Ein schnellerer Ausweg wären neuartige Sender. Das heißt, ganz viele kleine Mobilfunk-Basisstationen: Die Femtozellen genannten Kästchen können praktisch überall installiert werden, wo sie an eine Breitband-Leitung angeschlossen werden können. Alcatel-Lucent stellte im Februar ein derartiges System unter dem Namen LightRadio vor: Die schwach strahlenden Minisender können große Antennen-Masten überflüssig machen, was nicht nur Energieverbrauch und Betriebskosten um die Hälfte senken, sondern auch die Mobilfunkerei aus dem Blickfeld besorgter Bürgerinitiativen bringen soll.

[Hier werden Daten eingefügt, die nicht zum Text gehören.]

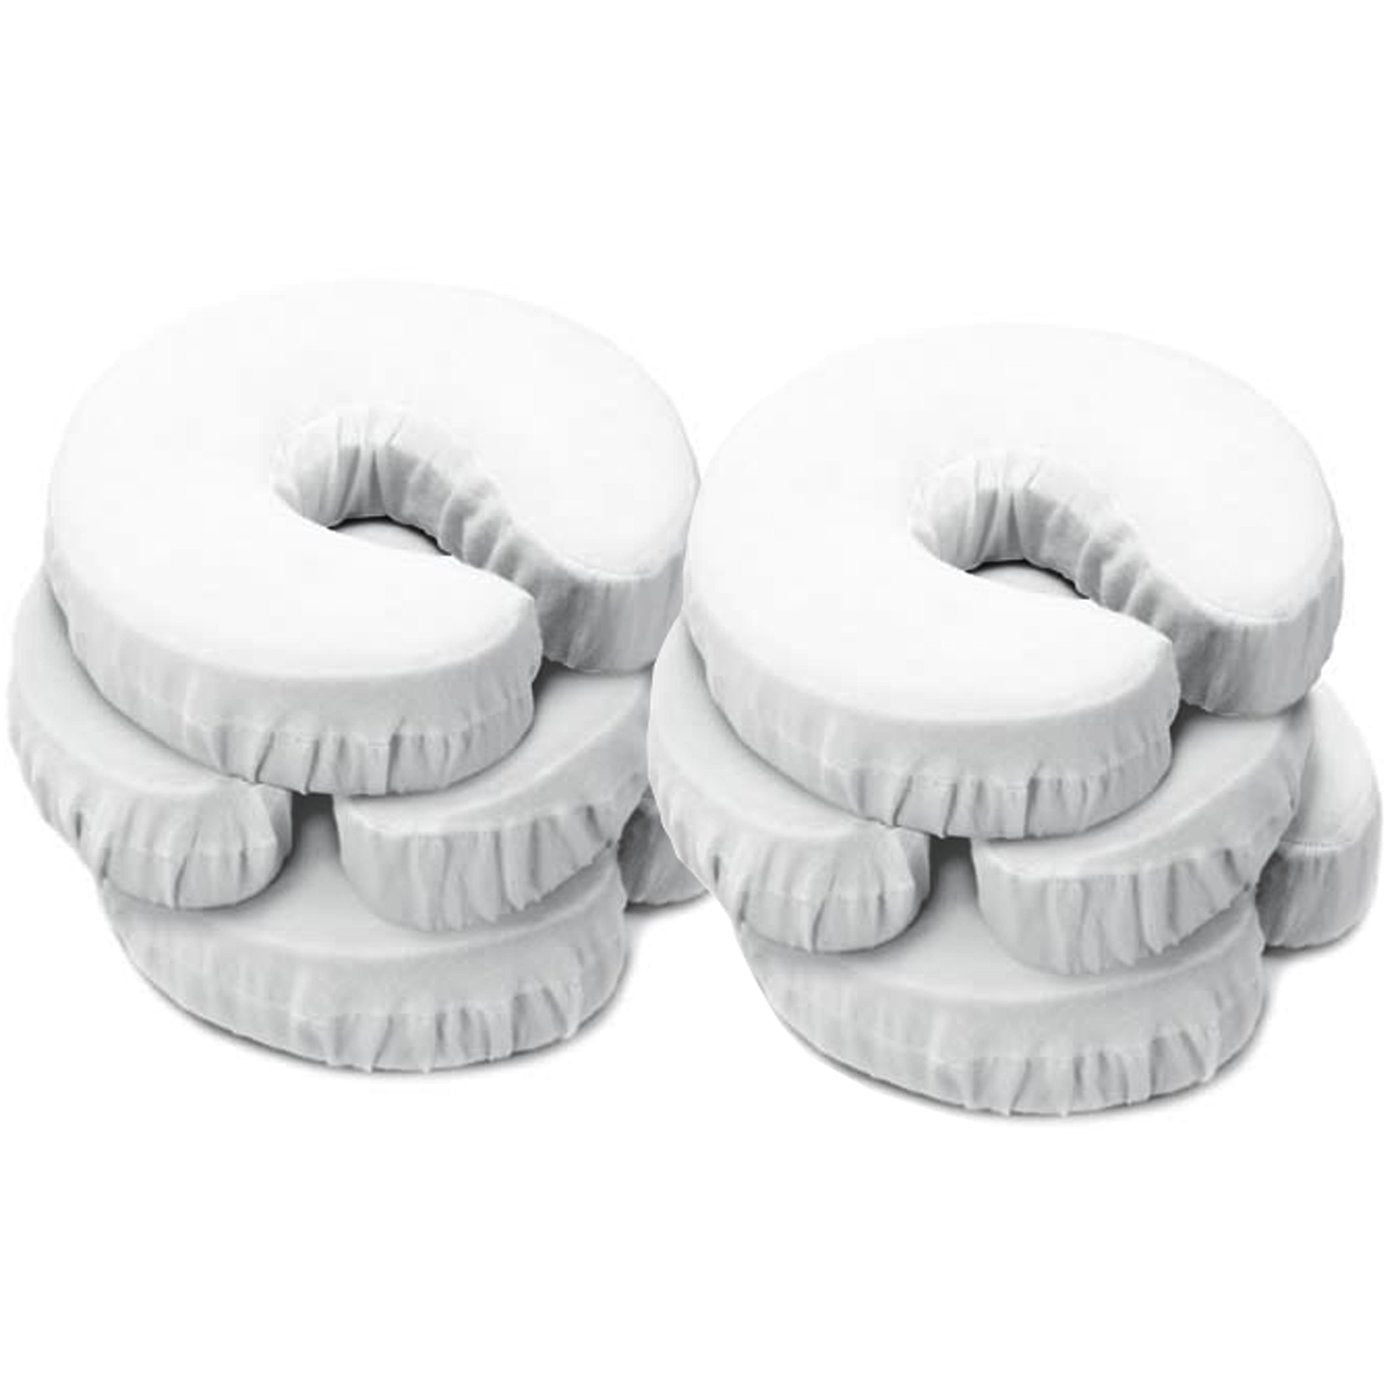 Bella2bello Universal Face Pillow Cushion Cradle Headrest Covers, 6 Pack, Cream, 100% all cotton, Machine Washable
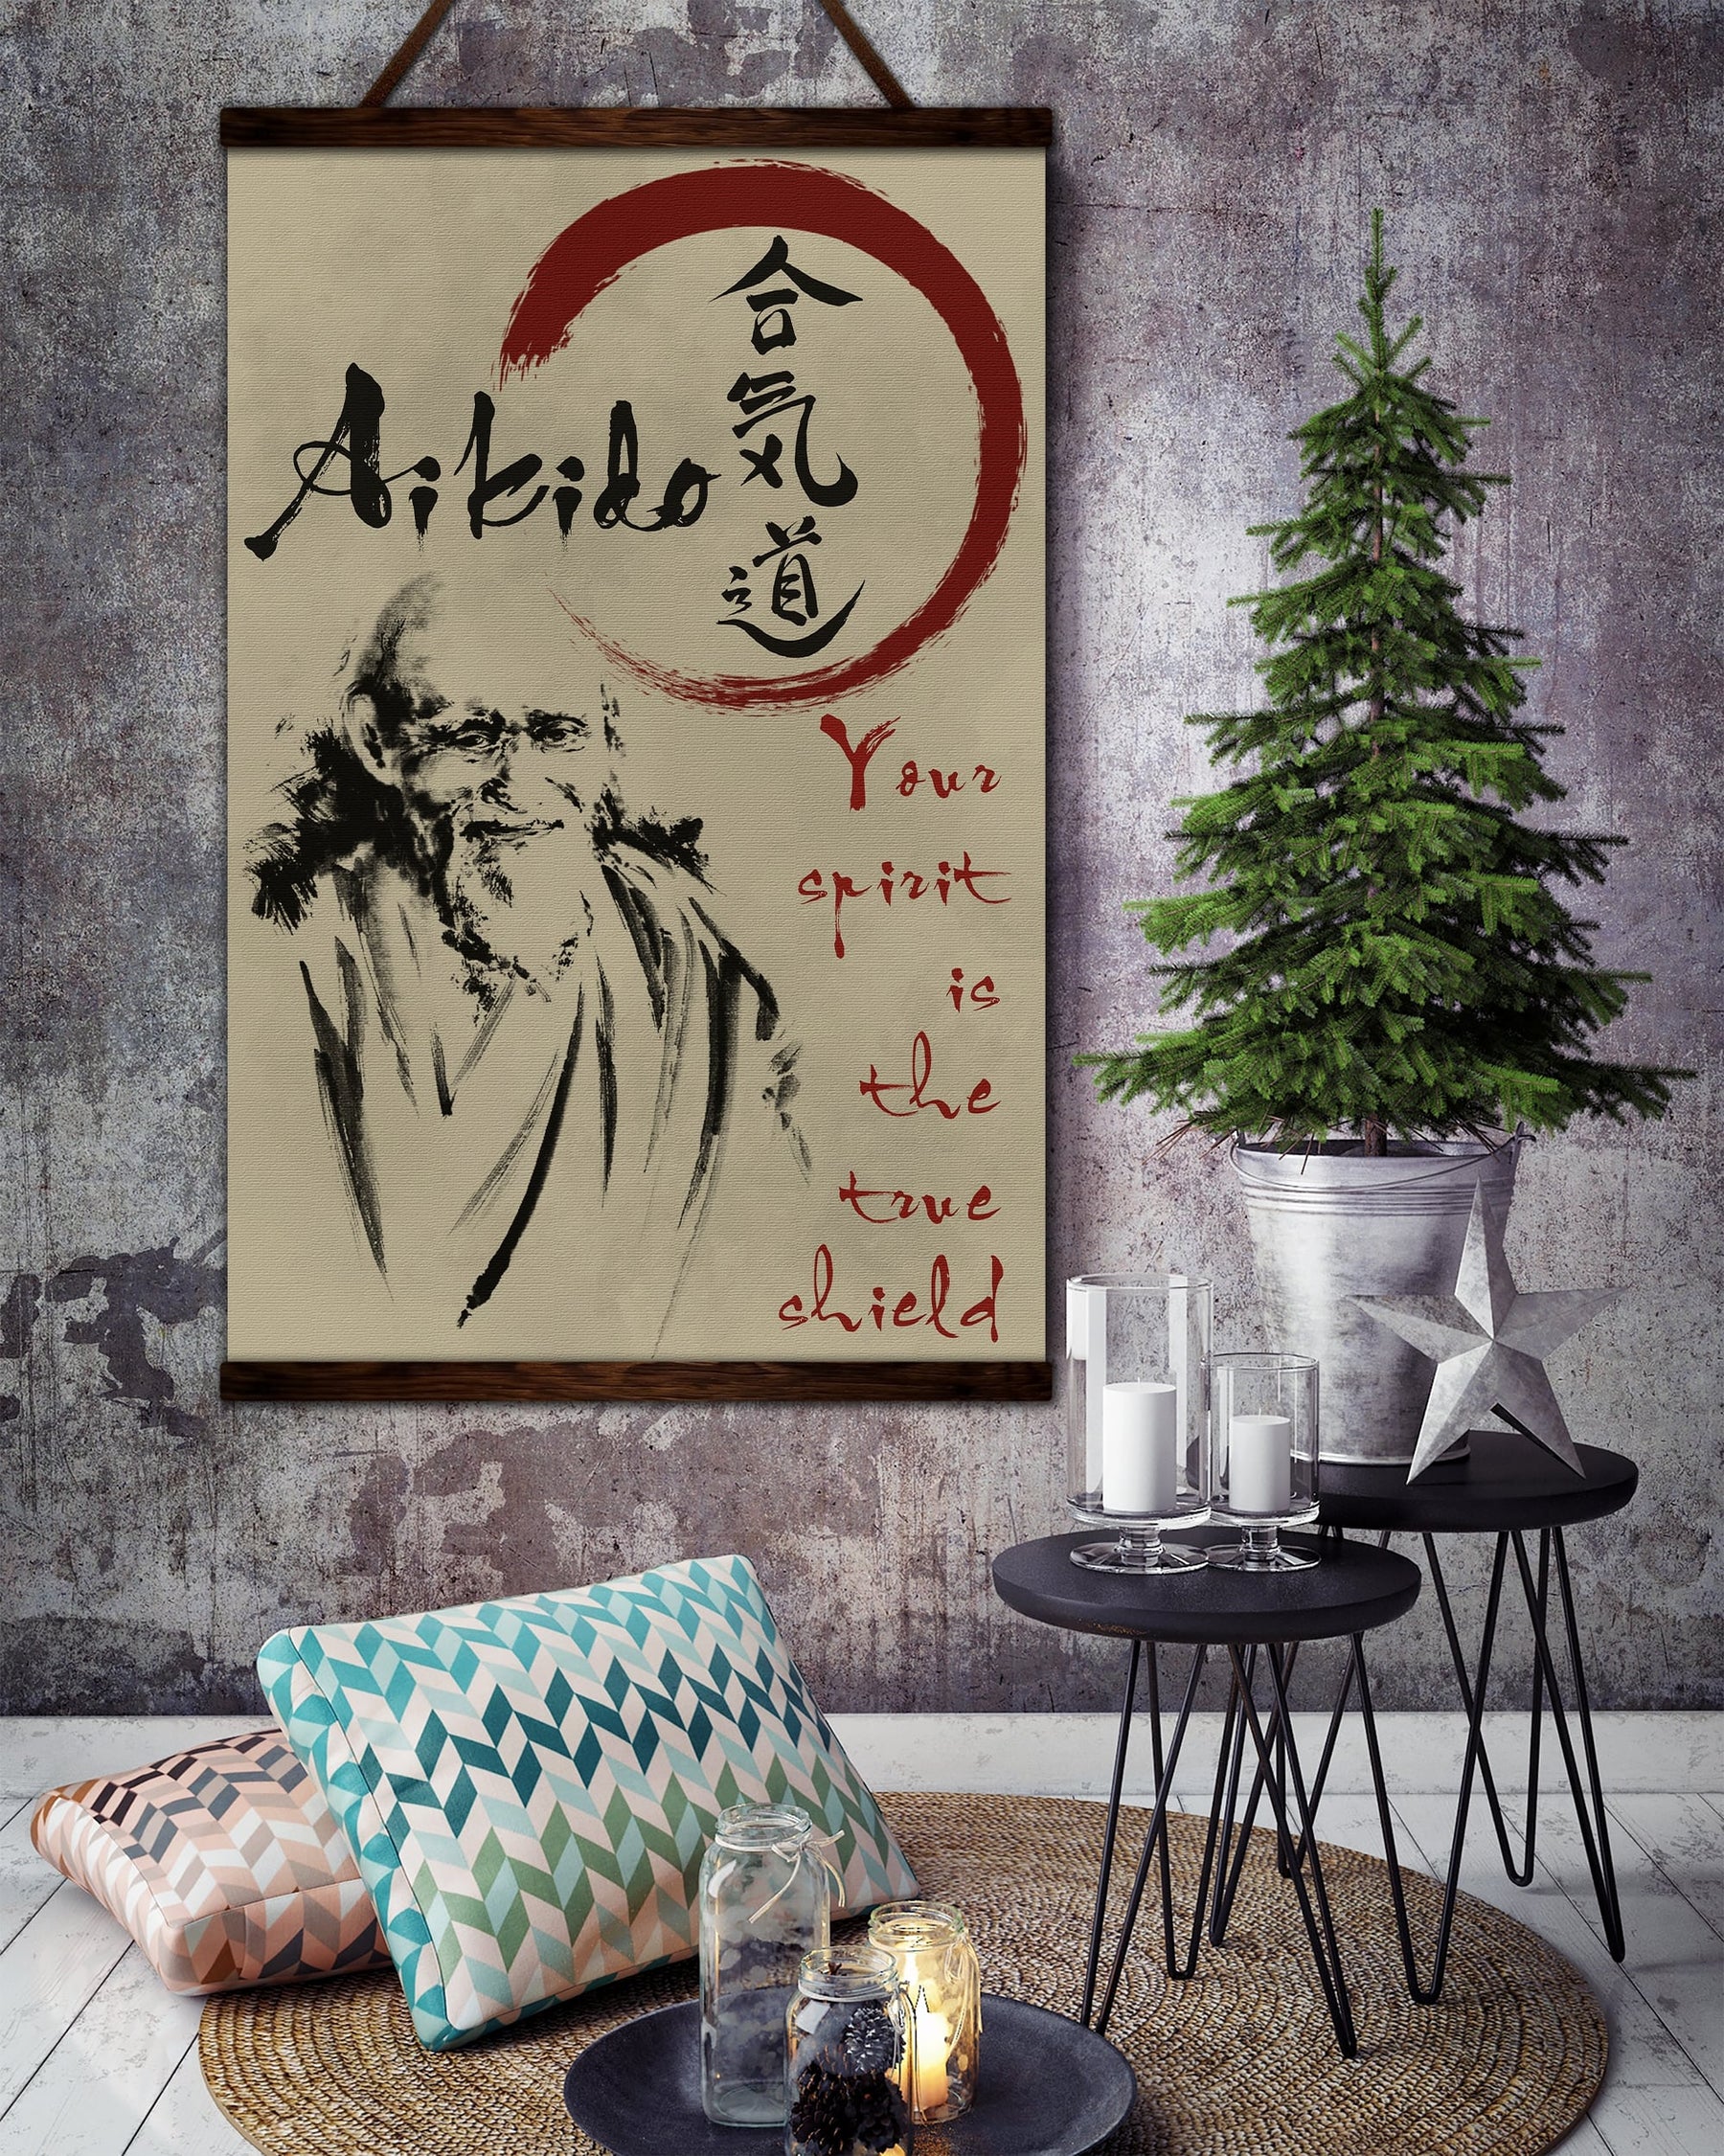 AI026 - Your Spirit Is The True Shield - Morihei Ueshiba - Vertical Poster - Vertical Canvas - Aikido Poster

Ein weiterer Vorteil, jedenfalls aus Sicht der Unternehmen: Die Kunden würden den Netzausbau direkt selbst bezahlen.

Vielleicht kommt es aber auch ganz anders. Der Tüftler Kamal Alavi hat mit Schweizer Forschern eine 20 Millionen Euro teure Sendestation entwickelt, die in 21 Kilometer Höhe an einem großen, durch solargetriebene Propeller stationär gehaltenen Zeppelin aufgehängt werden soll: Da aus dieser Höhe eine direkte Sichtverbindung zu den Empfängern bestehe, könne die Sendeleistung viel geringer sein als heute – 20 Sender würden für ganz Europa reichen. Nur an eine einfache, untechnische Lösung denkt niemand: die Flatrate-Tarife wieder abschaffen. Das würde das Datenaufkommen sofort und drastisch verringern.